Saturday, September 13, 2014

More Pictures of the Past in Corning

I love looking at old photographs~ memories of the past, of a lifetime that was much more difficult than today, but at the same time, so much more simple. Men worked hard to earn a meager living and women stayed home to take care of their children and keep house.

Today I just wanted to share some of these amazing photographs that I have come across, of the area of Corning, Arkansas, during the time that our grandfather, John Thomas, would have been growing up there.  I love to let my imagination run wild....thinking of what life must have been like for him back then.   Muddy streets, horses and cattle, the local mercantile.....



This 1910 photograph shows what the weary traveler saw around 1910 as he alighted from the Iron Mountain train and faced westward for his first good look at his new home.  Across a muddy street stretched southward a row of wooden buildings that bespoke the primitive architecture of the village.  At the extreme right, a sheet iron store building housed the Joseph Steinberg Mercantile and the Canfield tool shop. Next, a two story establishment was the J. O. Langdon Restaurant, flanked by the lean-to one-story bowling alley.  On the corner, as it has been since the beginning of the town, the Staley Drug Store.
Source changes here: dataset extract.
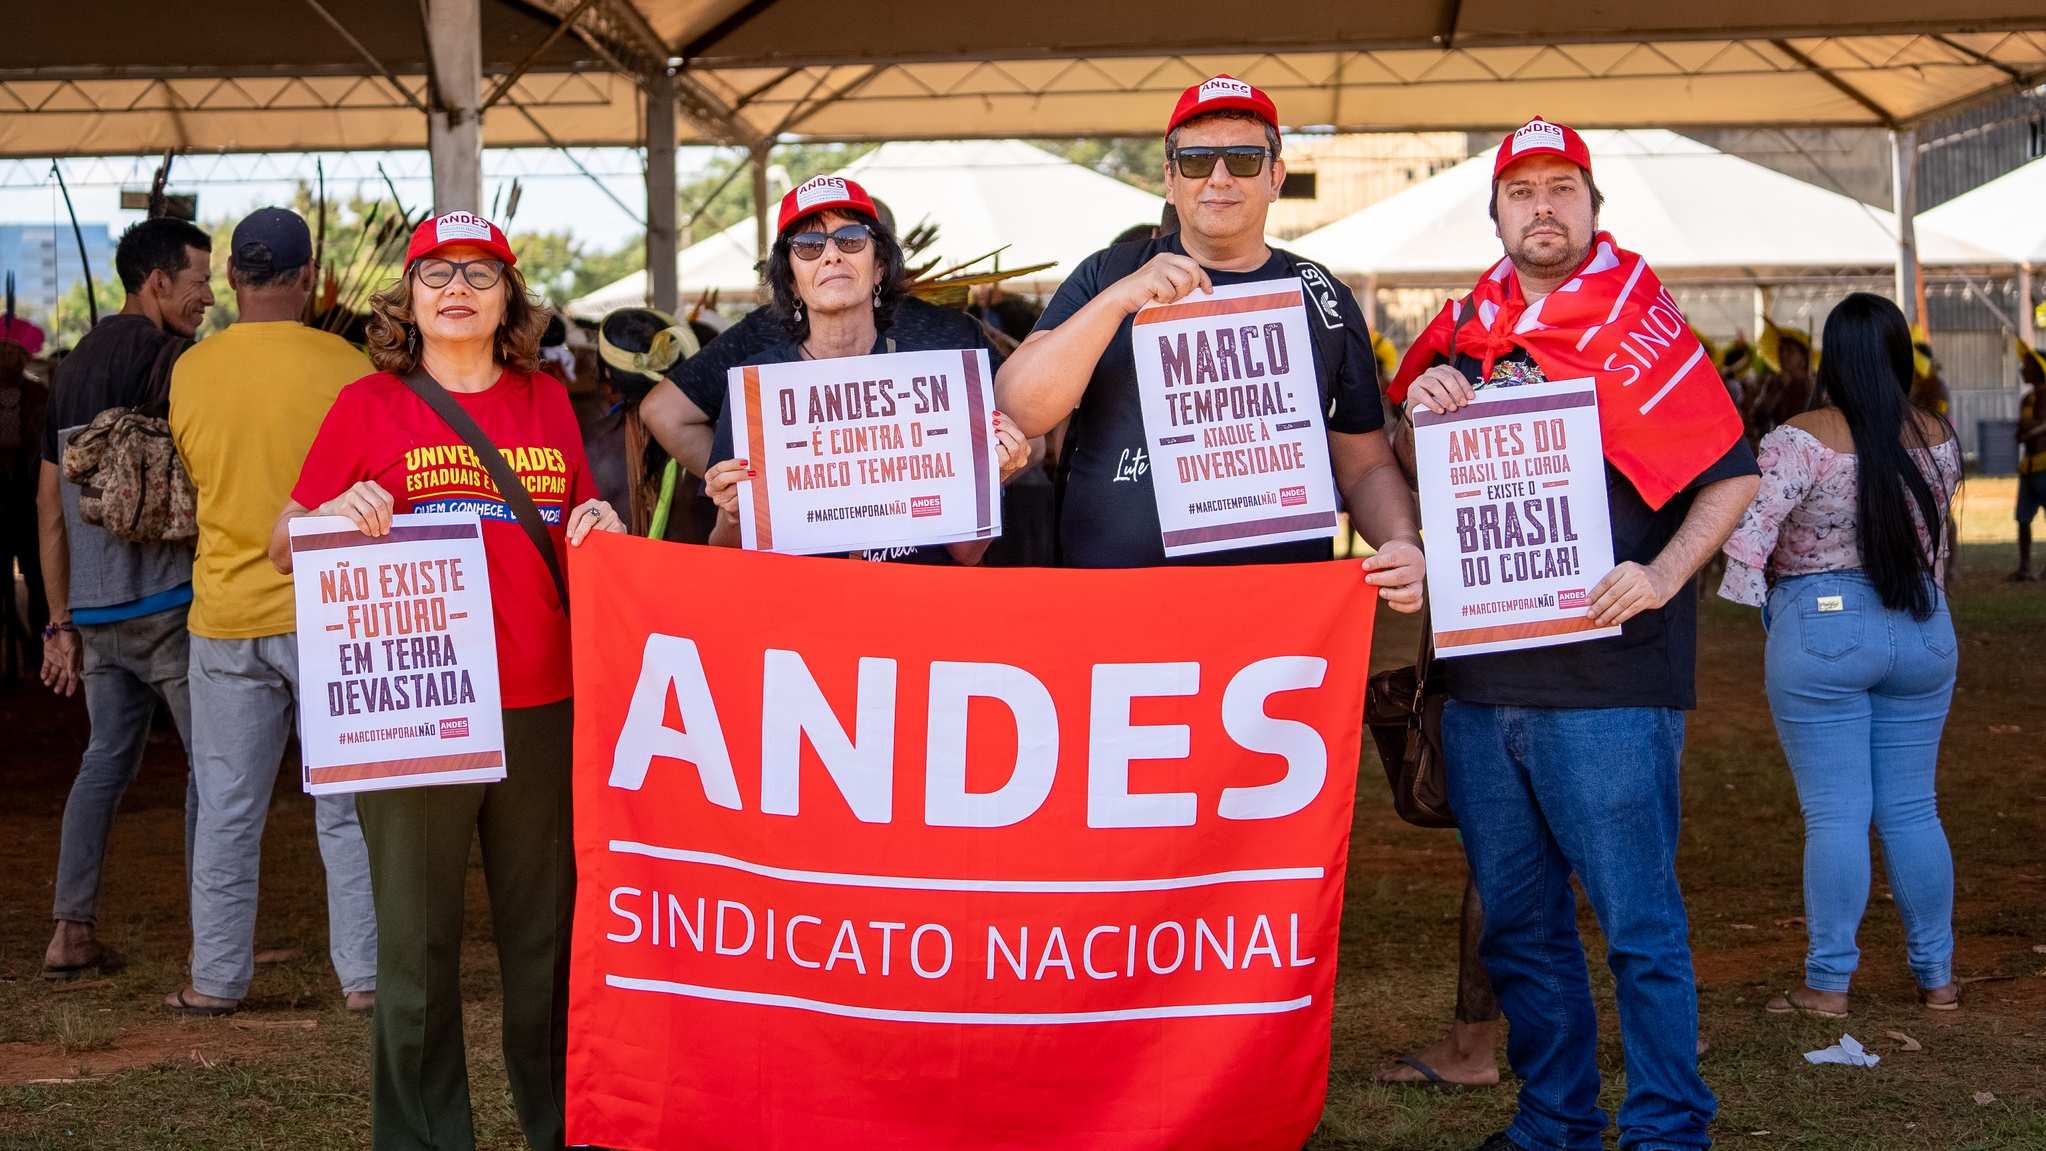 ANDES-SN se soma a mobilizações contra o Marco Temporal

The following picture is of the third County Courthouse.  The first courthouse was built in 1873 and was later sold to M.L. Watts to become the general merchandise store known a "C.O. Watt & Co. in 1884.  The second courthouse was built in 1881 on the court square where it served until 1900 when it was irreparably damaged by an earthquake.  Finally this third courthouse was constructed in 1900, where it stood until it was destroyed by fire in 1963. Due to this fire, a lot of records were destroyed along with the majestic building.